Exercise. Since the pictures are not wanted, retype the listing below exactly and without them.

The data.
■ ■ ■ ■

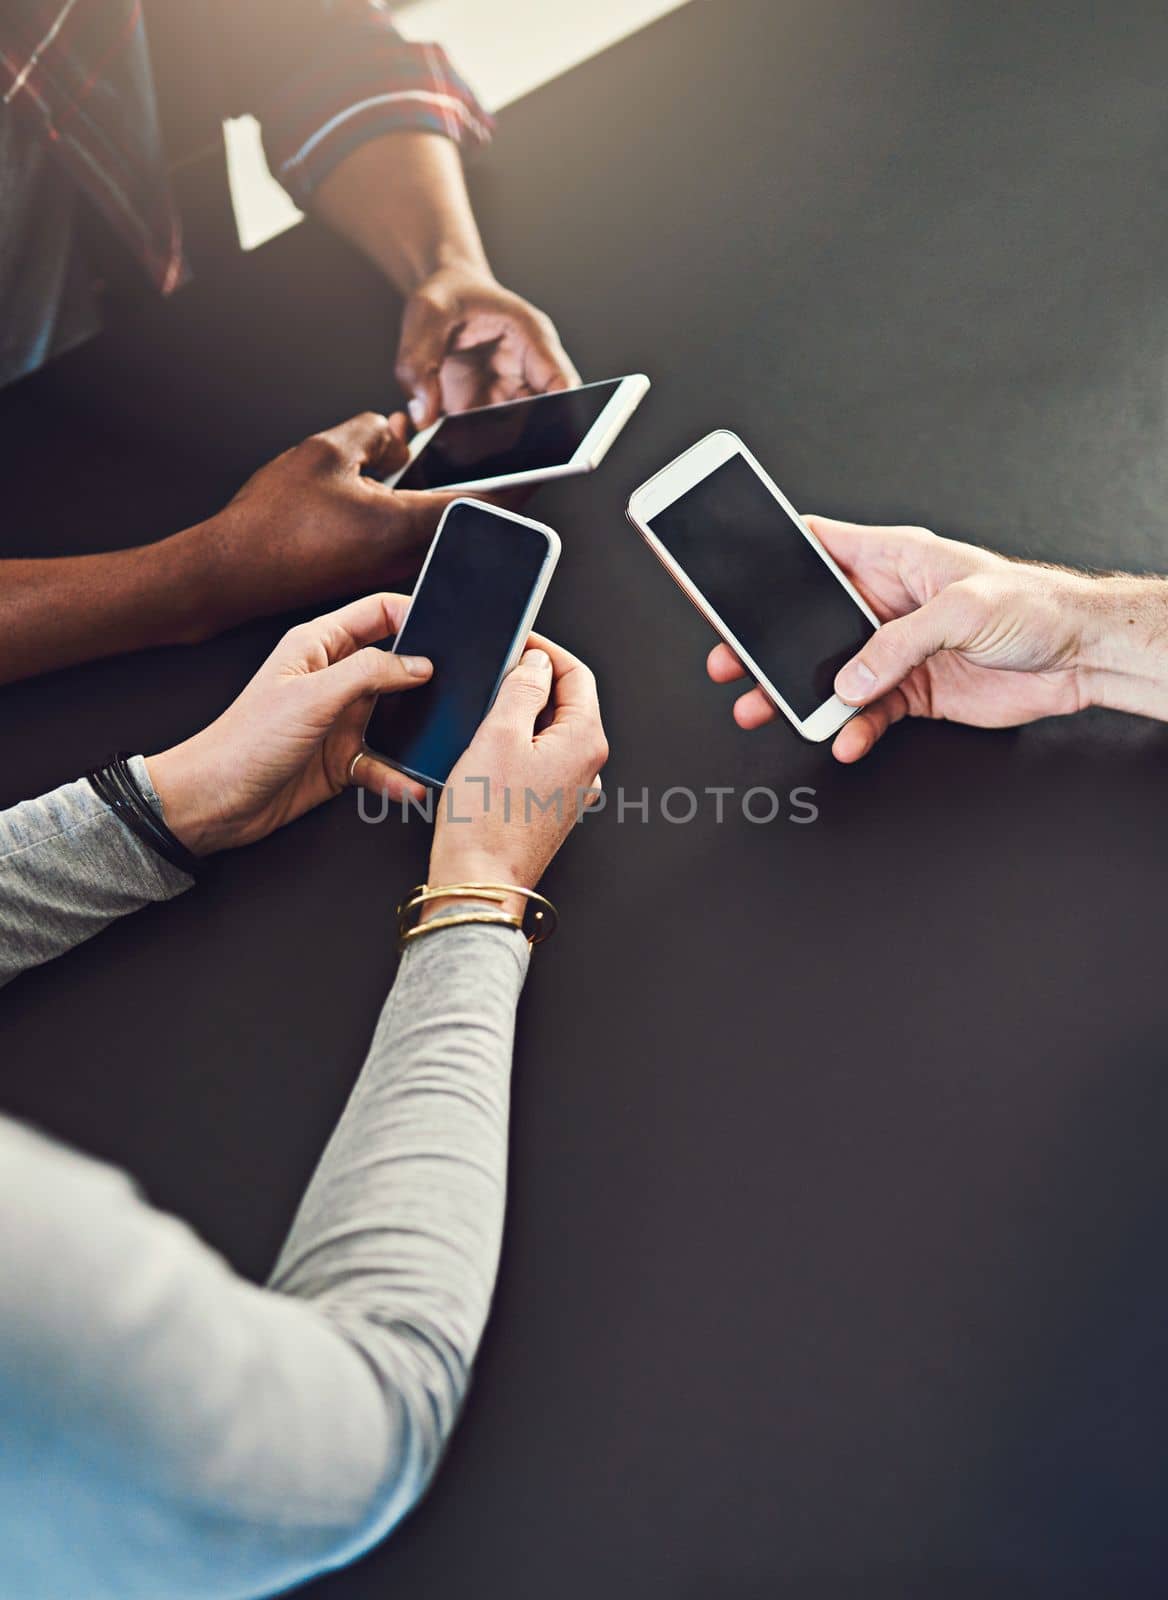 Working with technology as a team. three people sitting around a table together and using their cellphones
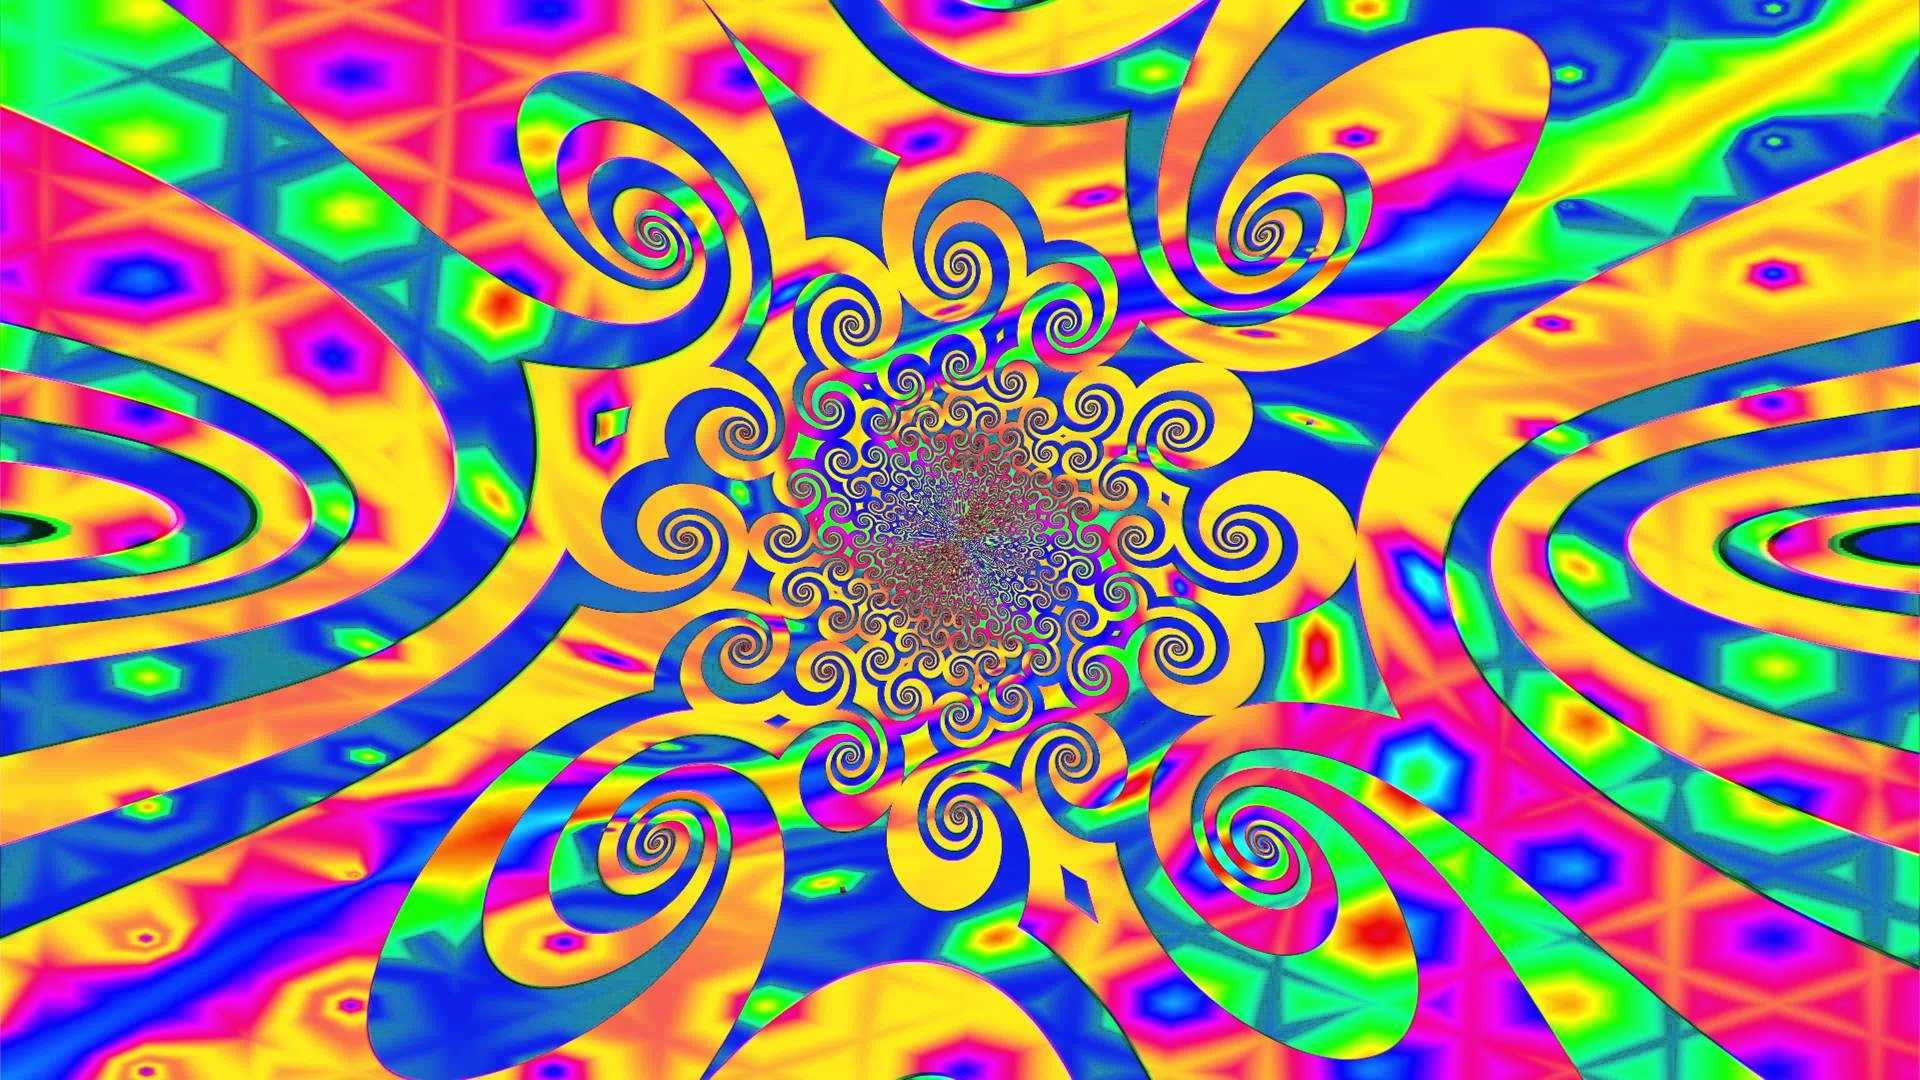 Psychedelic Hd Wallpapers Kolpaper Awesome Free Hd Wallpapers
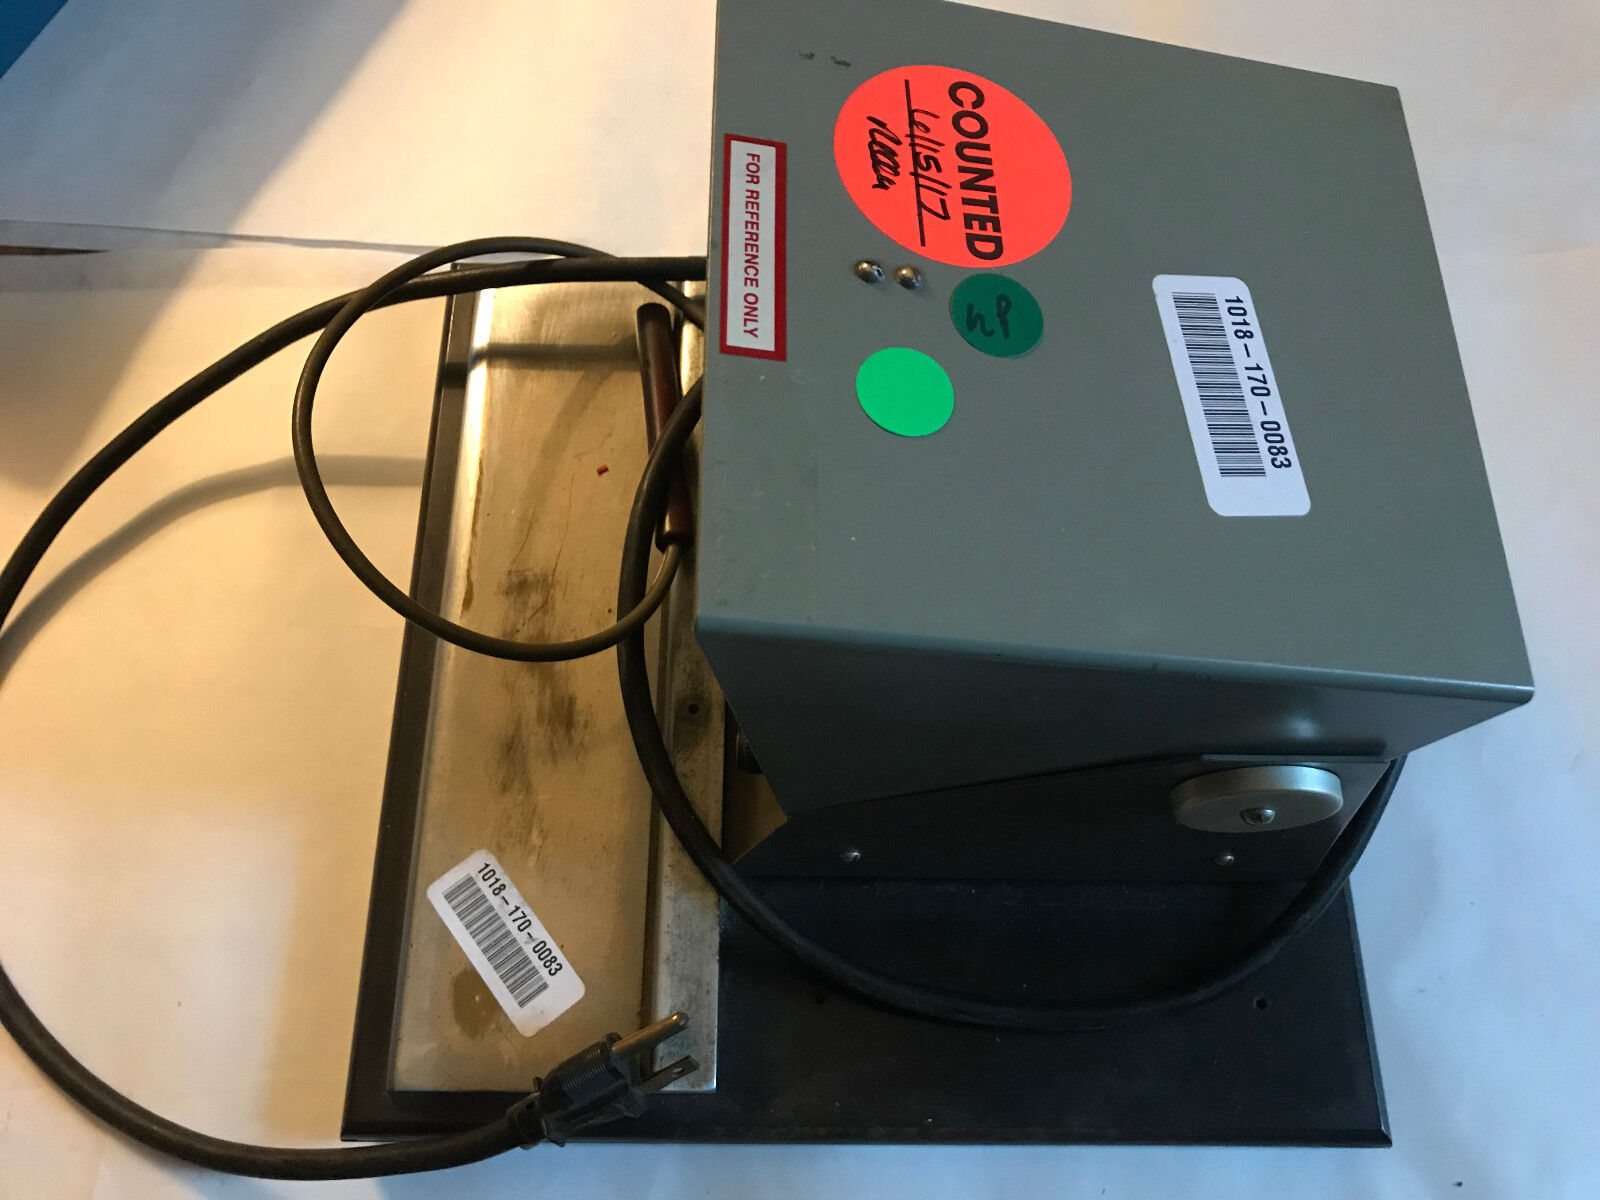 RADIO FREQUENCY LABS 485,MODEL 485 RADIO FREQUENCY ELECTRONIC NULL DETECTOR,ET

■ ■ ■ ■

Response.
 Working with technology as a team. three people sitting around a table together and using their cellphones
 Psychedelic Hd Wallpapers Kolpaper Awesome Free Hd Wallpapers
 RADIO FREQUENCY LABS 485,MODEL 485 RADIO FREQUENCY ELECTRONIC NULL DETECTOR,ET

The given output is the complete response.